For non-Indigenous students, the authors highlight four reasons why it would be beneficial for them as well:
- Awareness of Traditional Ecological Knowledge presents non-Indigenous students and scientists with knowledge that can help solve critical environmental issues
- Including Traditional Ecological Knowledge in science curriculum could help students understand the importance of weighing cultural considerations when making conservation management decisions.
- Traditional Ecological Knowledge’s belief that humans play an important role in ecosystems is congruent with the core concept of systems thinking included in the Vision and Change in Undergraduate Biology Education report
- Finally, including Traditional Ecological Knowledge in STEM classes helps dismantle the stereotypical nature of science as being for white men, which can validate and encourage the inclusion of native students
As much as there are benefits to including Traditional Ecological Knowledge, there are also dangers to be considered before integrating it. For instance, some scholars argue that incorporation of it is cultural and intellectual appropriation and since Traditional Ecological Knowledge is a concept from the Western framework, it could be misinterpreted and misrepresented, taking on different implications than it was meant to. It could also be seen as disrespectful if we try to fit the experiences and lives of Indigenous people in a neat, little box and isolated from context. There is always risk involved when it comes to including culture in educational settings, and speaking as a non-white student and educator, the benefits of making sure our students are seen and heard in the curricula we teach outweigh the risk of them feeling invisible. The authors hope that their suggestions would help in alleviating the fear that comes with being disrespectful.

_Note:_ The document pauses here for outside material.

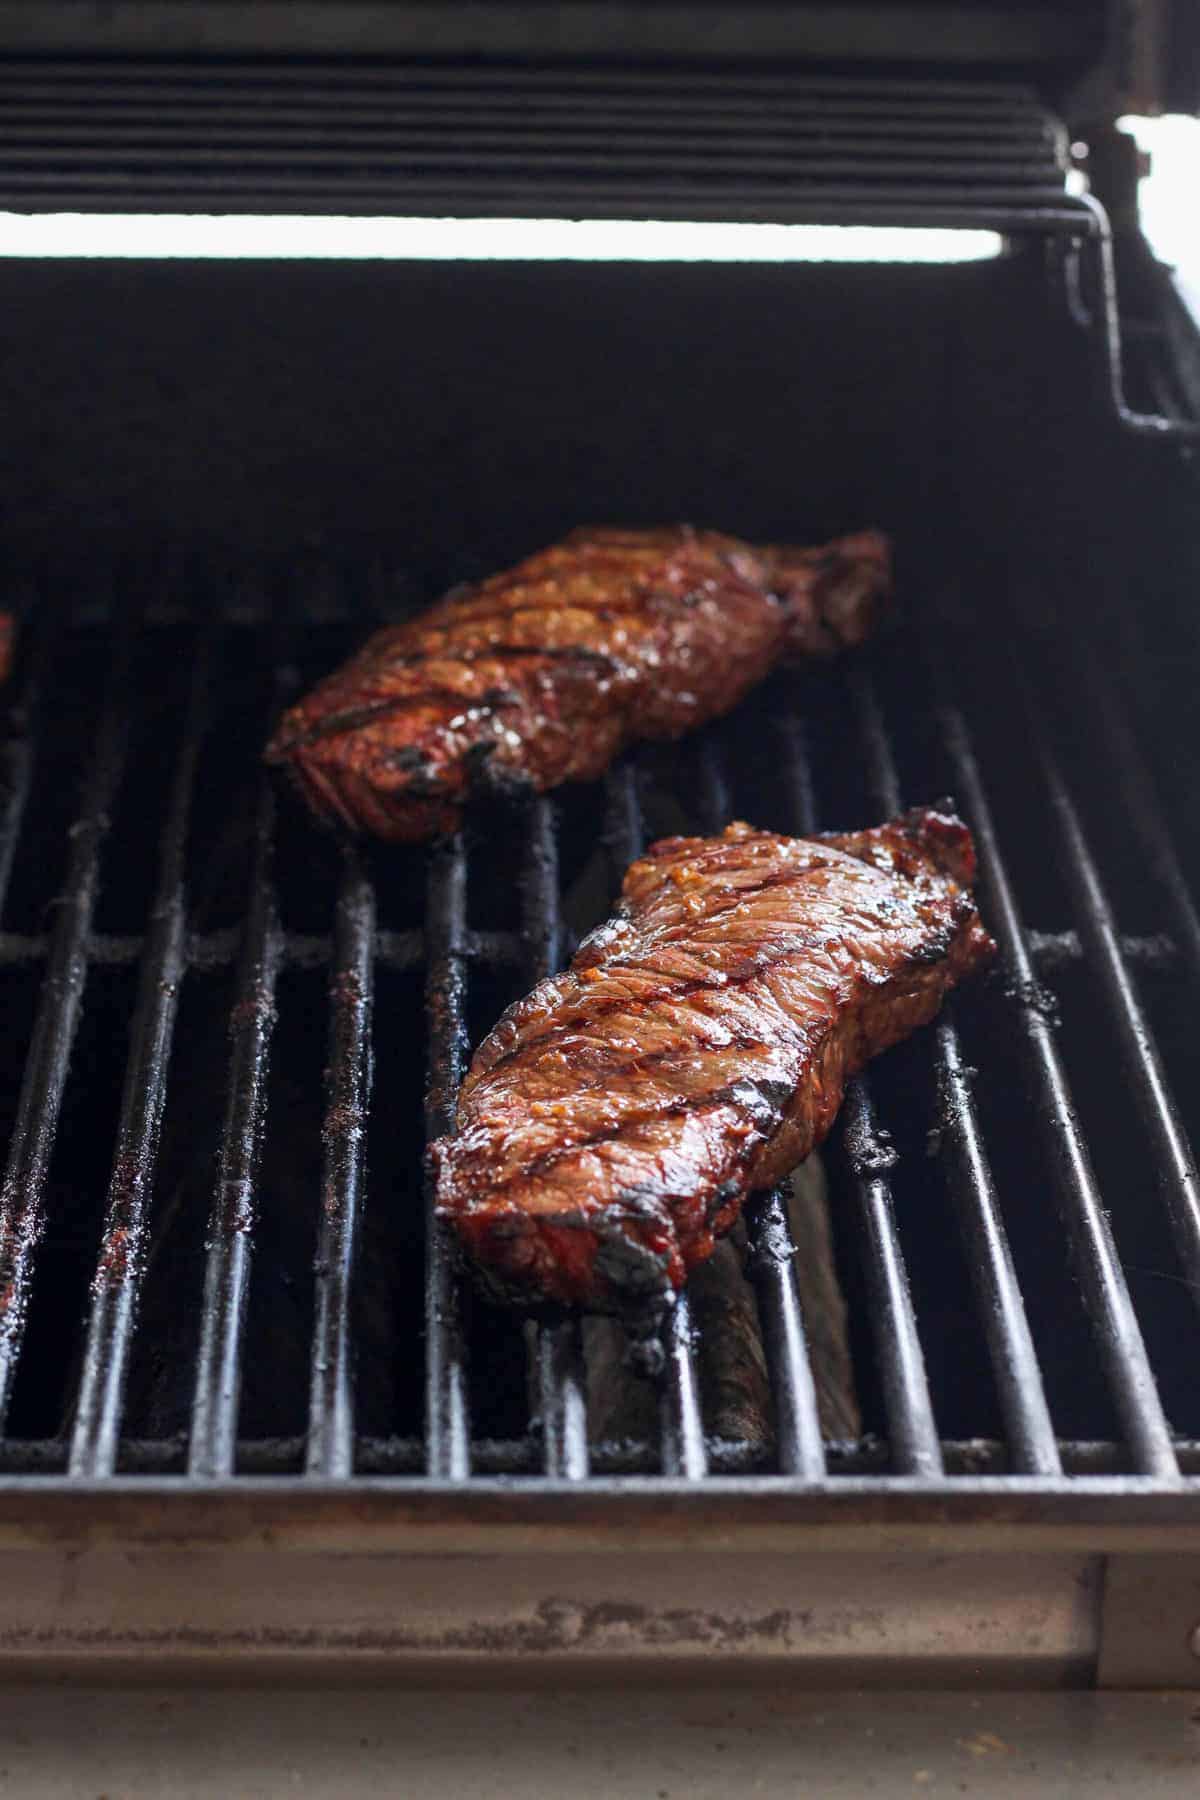 How to Grill Steak (Guide for Grilling Steak) - Fit Foodie Finds

The following is a table of suggestions and things to avoid when integrating Traditional Ecological Knowledge. Greenall and Bailey go into greater detail in their essay.
|What to avoid
|– Explore other ways of knowing.
– Teach holistically.
– Establish a classroom culture of respect.
– Explicitly include Traditional Ecological Knowledge in biology courses.
– Include Indigenous experts.
– Incorporate Indigenous languages as more than “token words,”
– Use common evidence-based practices.
|– Do not change or force Indigenous cultures to fit where you want it to fit in curriculum.
– Do not caricaturize aspects of the culture or use token examples of context.
– Do not use token words (i.e., do not take Indigenous words out of context or simplify their meaning to fit your lesson).
– Do not exclude local culture experts and leaders when integrating Traditional Ecological Knowledge in your classroom.
– Do not be disrespectful of any cultures or students.
Hopefully, the suggestions above are at least a foundation for including Traditional Ecological Knowledge in biology classrooms and beyond. It can get messy, but it’s a learning process. It’s a starting point to undo the decades of erasure. In ʻŌlelo Hawaiʻi (Hawaiian language), there are proverbs or poetical sayings called ʻŌlelo Noʻeau. I translated one into my mother tongue (Filipino) at the beginning of this article. I now end it with the original. All knowledge is not taught in the same school. “ʻAʻohe pau ka ʻike i ka hālau hoʻokāhi” (Pukui, ʻŌlelo Noʻeau #203).
Aloha! My name is Diana Castañeda, my pronouns are she/her. I identify as Filipino, born and raised in (the still illegally occupied kingdom of) Hawaiʻi. I’m currently pursuing my Master’s of Education degree in Curriculum Studies and Sustainability and Resilience in Education at the University of Hawaiʻi at Mānoa. I’m interested in including indigenous STEM practices in curriculum to help underrepresented students succeed in STEM.